RECORDED INFORMATION –
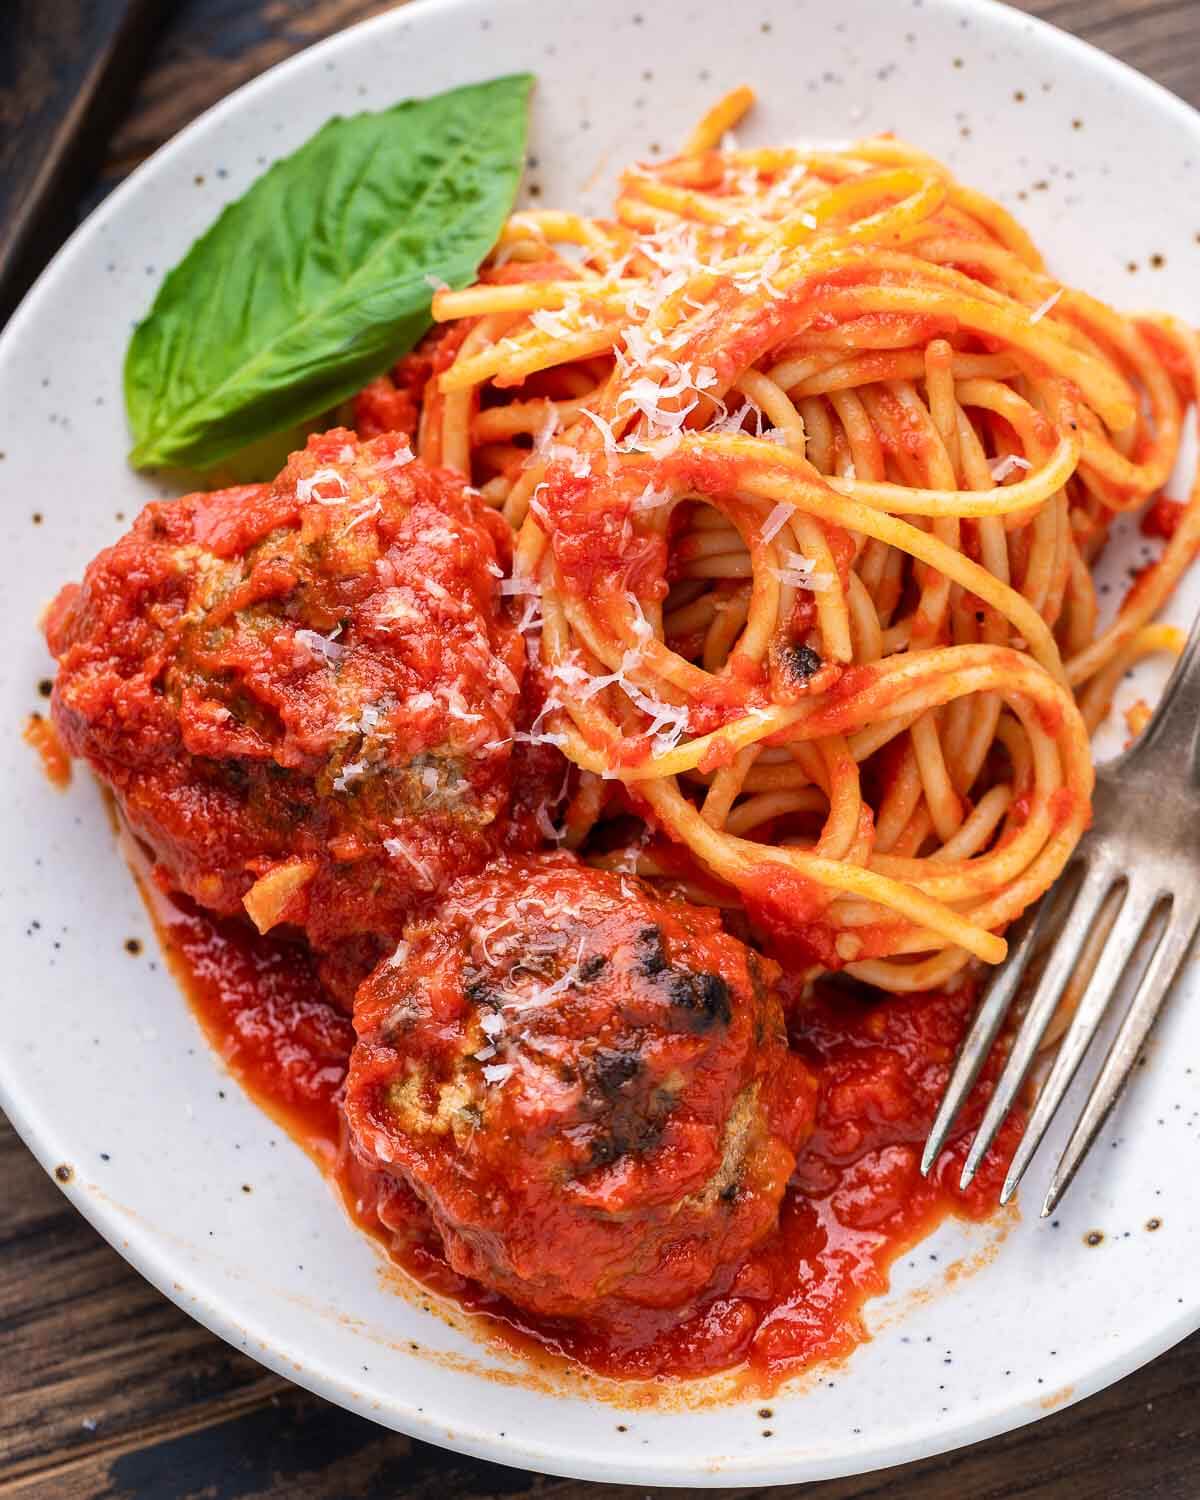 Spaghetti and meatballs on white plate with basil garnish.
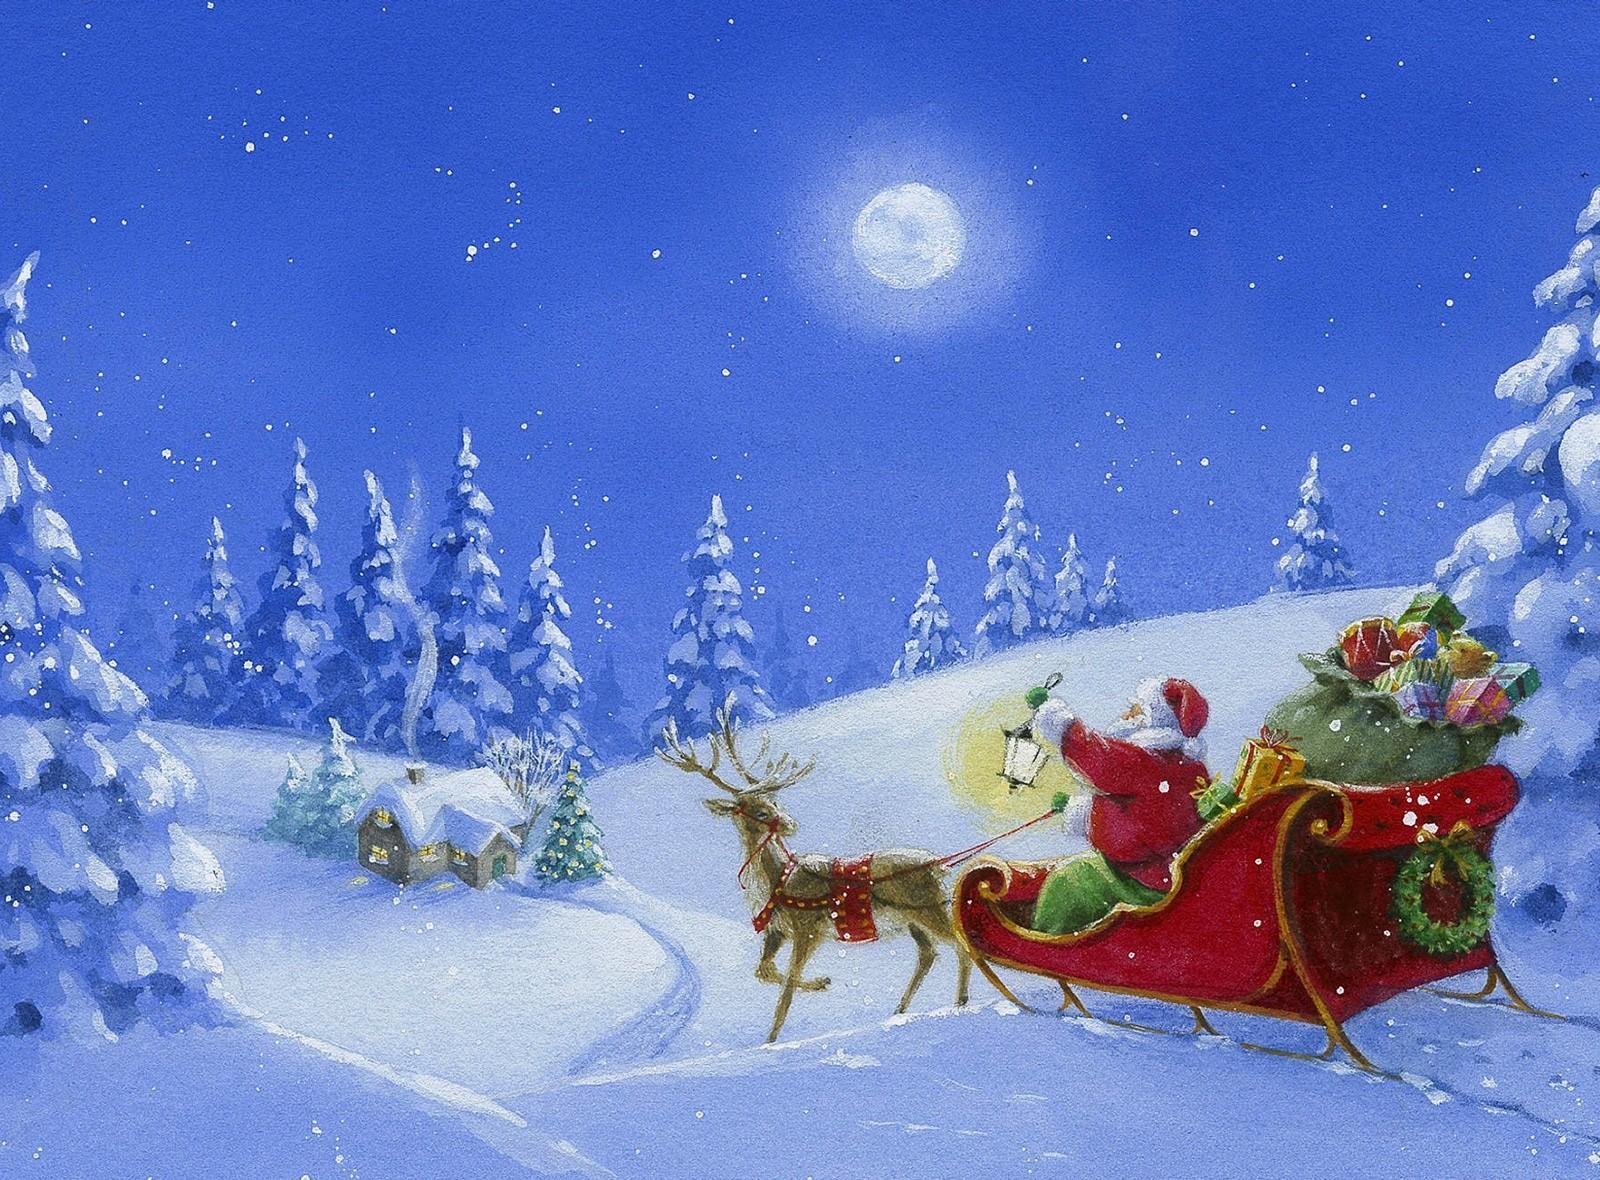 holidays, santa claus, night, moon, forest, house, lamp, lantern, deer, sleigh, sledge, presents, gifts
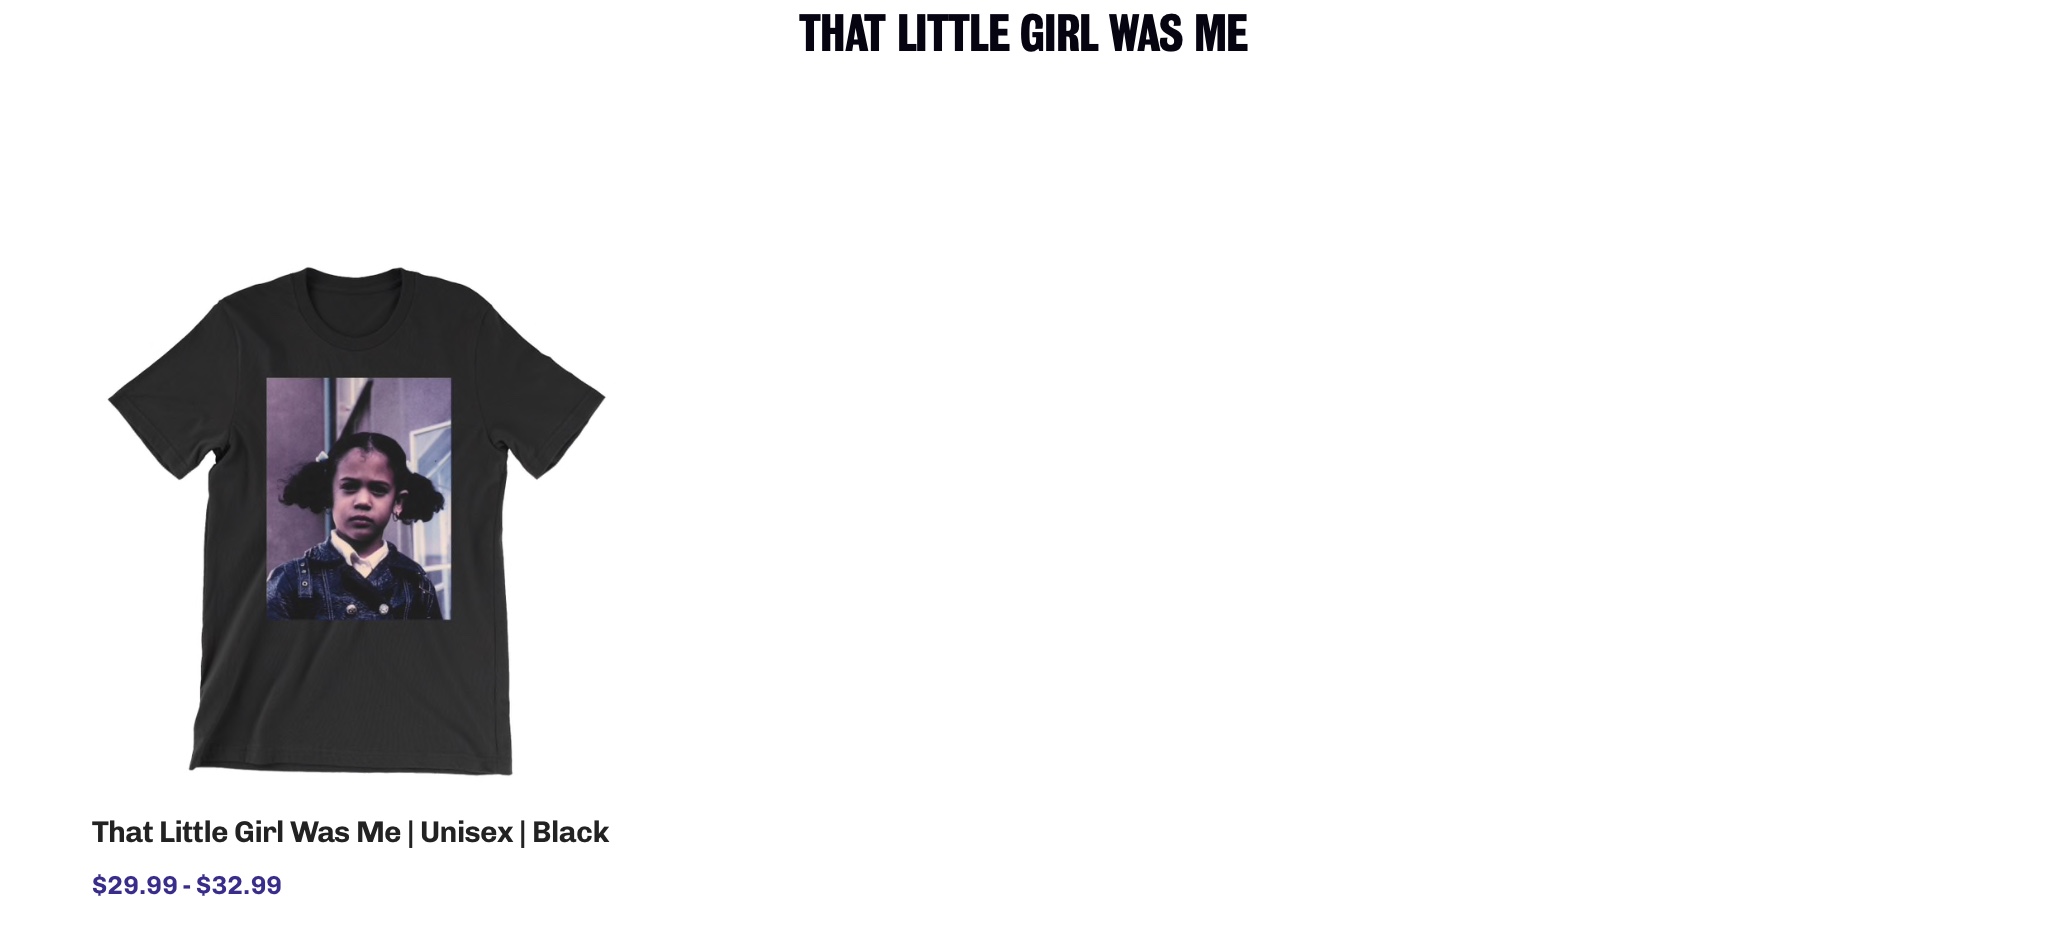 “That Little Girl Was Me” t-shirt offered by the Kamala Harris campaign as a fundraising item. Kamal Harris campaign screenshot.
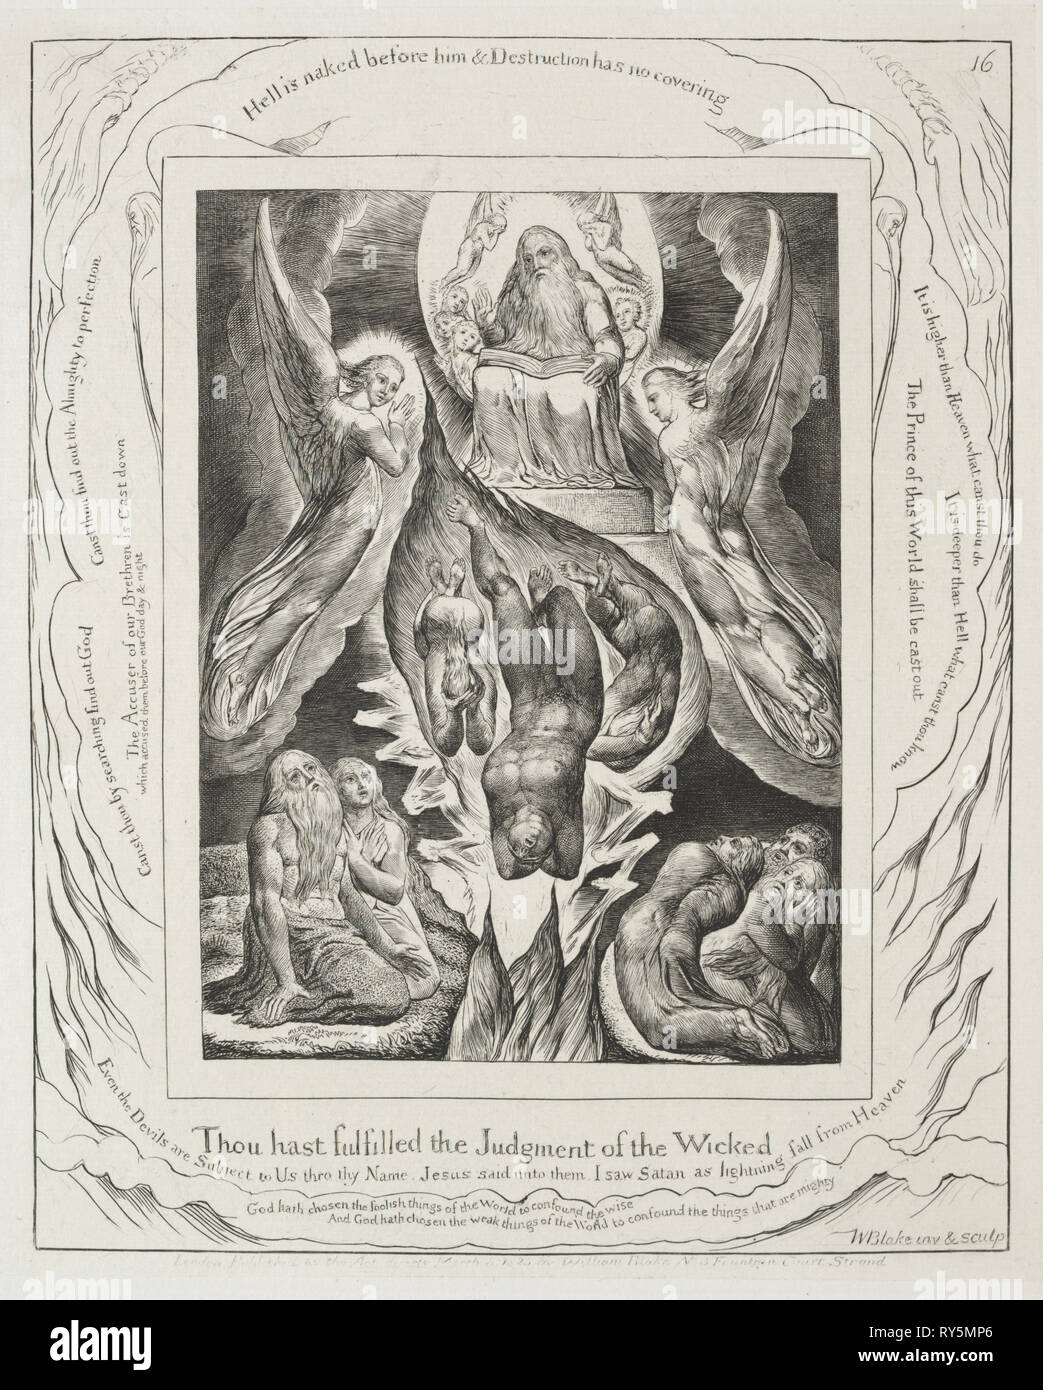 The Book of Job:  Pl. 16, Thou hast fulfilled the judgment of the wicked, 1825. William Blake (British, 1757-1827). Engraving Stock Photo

REQUIRED WORK –
The line containing "Harris campaign screenshot." and every line after it, up to the last line of the data, should be returned exactly, without the pictures.

EXPECTED OUTPUT –
 “That Little Girl Was Me” t-shirt offered by the Kamala Harris campaign as a fundraising item. Kamal Harris campaign screenshot.
 The Book of Job:  Pl. 16, Thou hast fulfilled the judgment of the wicked, 1825. William Blake (British, 1757-1827). Engraving Stock Photo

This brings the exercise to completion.